Crying Feels Good
When nothing else feels good.
Because it is an admittance of how I feel.
Because it means I give in.
Because I deserve to cry.
Because whatever is making me cry needs to get out. Crying is a way to get that out…
Because it is one of the few times that how I feel trumps how I think I need to be.
How many times have I tried to write about what feels true for me? And felt it, and felt how real it was. And then changed gears right back to mask world, space suit girl. How can one live with their feelings all the time? How can one be aware and live with what one truly feels all the time?
How can I sit here and feel. And then act on my needs?

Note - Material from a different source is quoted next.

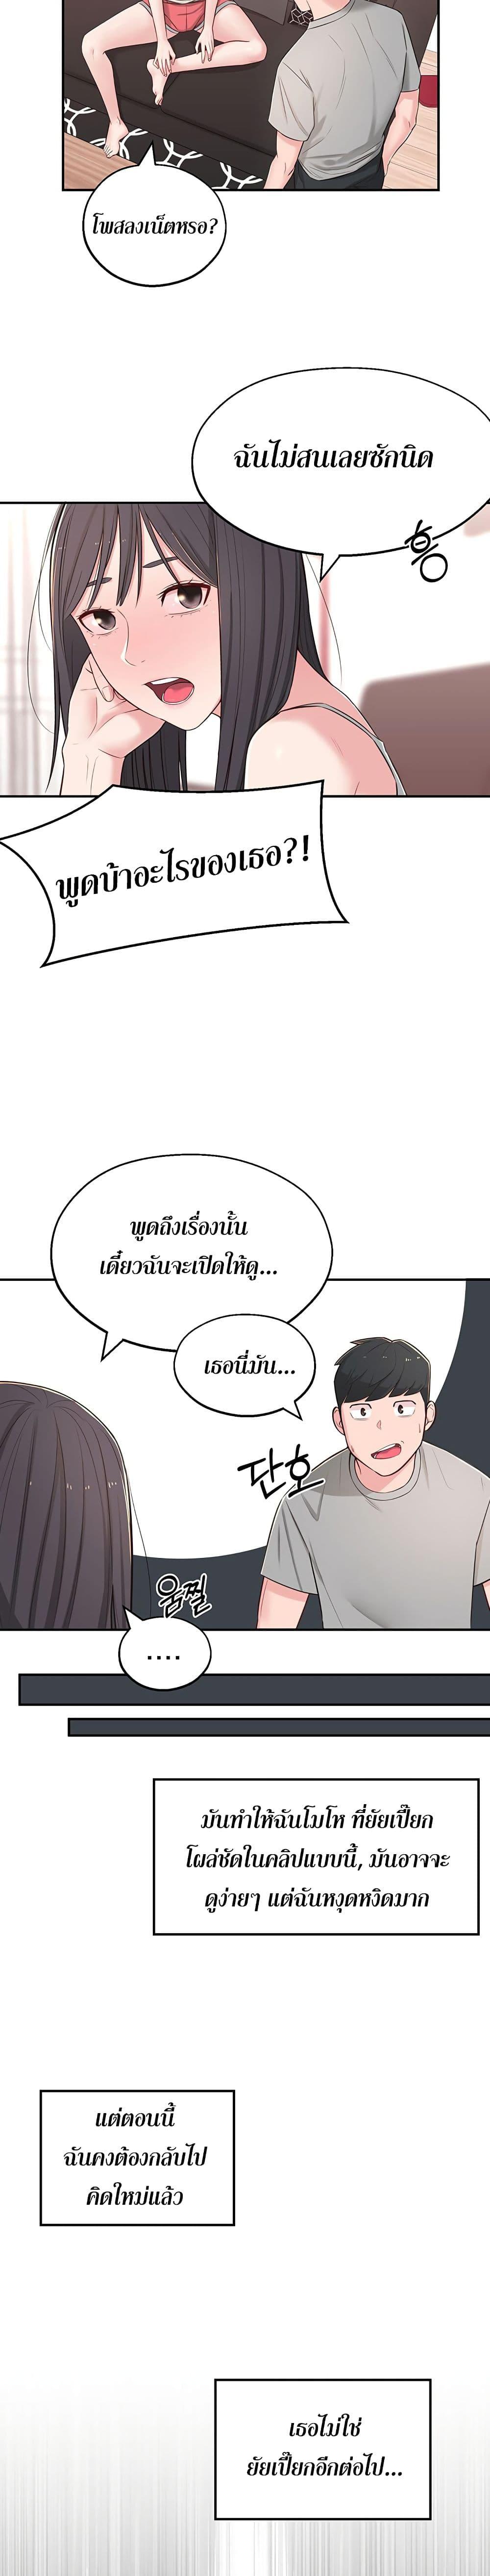 A Knowing Sister 5 ภาพ 26

I need to be ‘in’ myself all the time.
A lot of trauma stuff is coming up today.
Realizing the fact that I feel unsafe almost everywhere.
Realizing that I don’t trust myself to put myself in a safe place. That I don’t know any safe places. Realizing that when I put myself near Gave…that I felt unsafe. Because I didn’t believe my own feelings. I didn’t trust my own feelings. And yes, my own feelings are real but not true. But how do I deal with that? My feelings are real but not true. When I do feel unsafe what do I do? How do I make myself feel safe? How do I make a space safe?
How do I accept that if I can not make a space feel safe that I want to leave?
I usually don’t feel an option…I don’t feel like I have a choice. So, I stay in an uncomfortable place.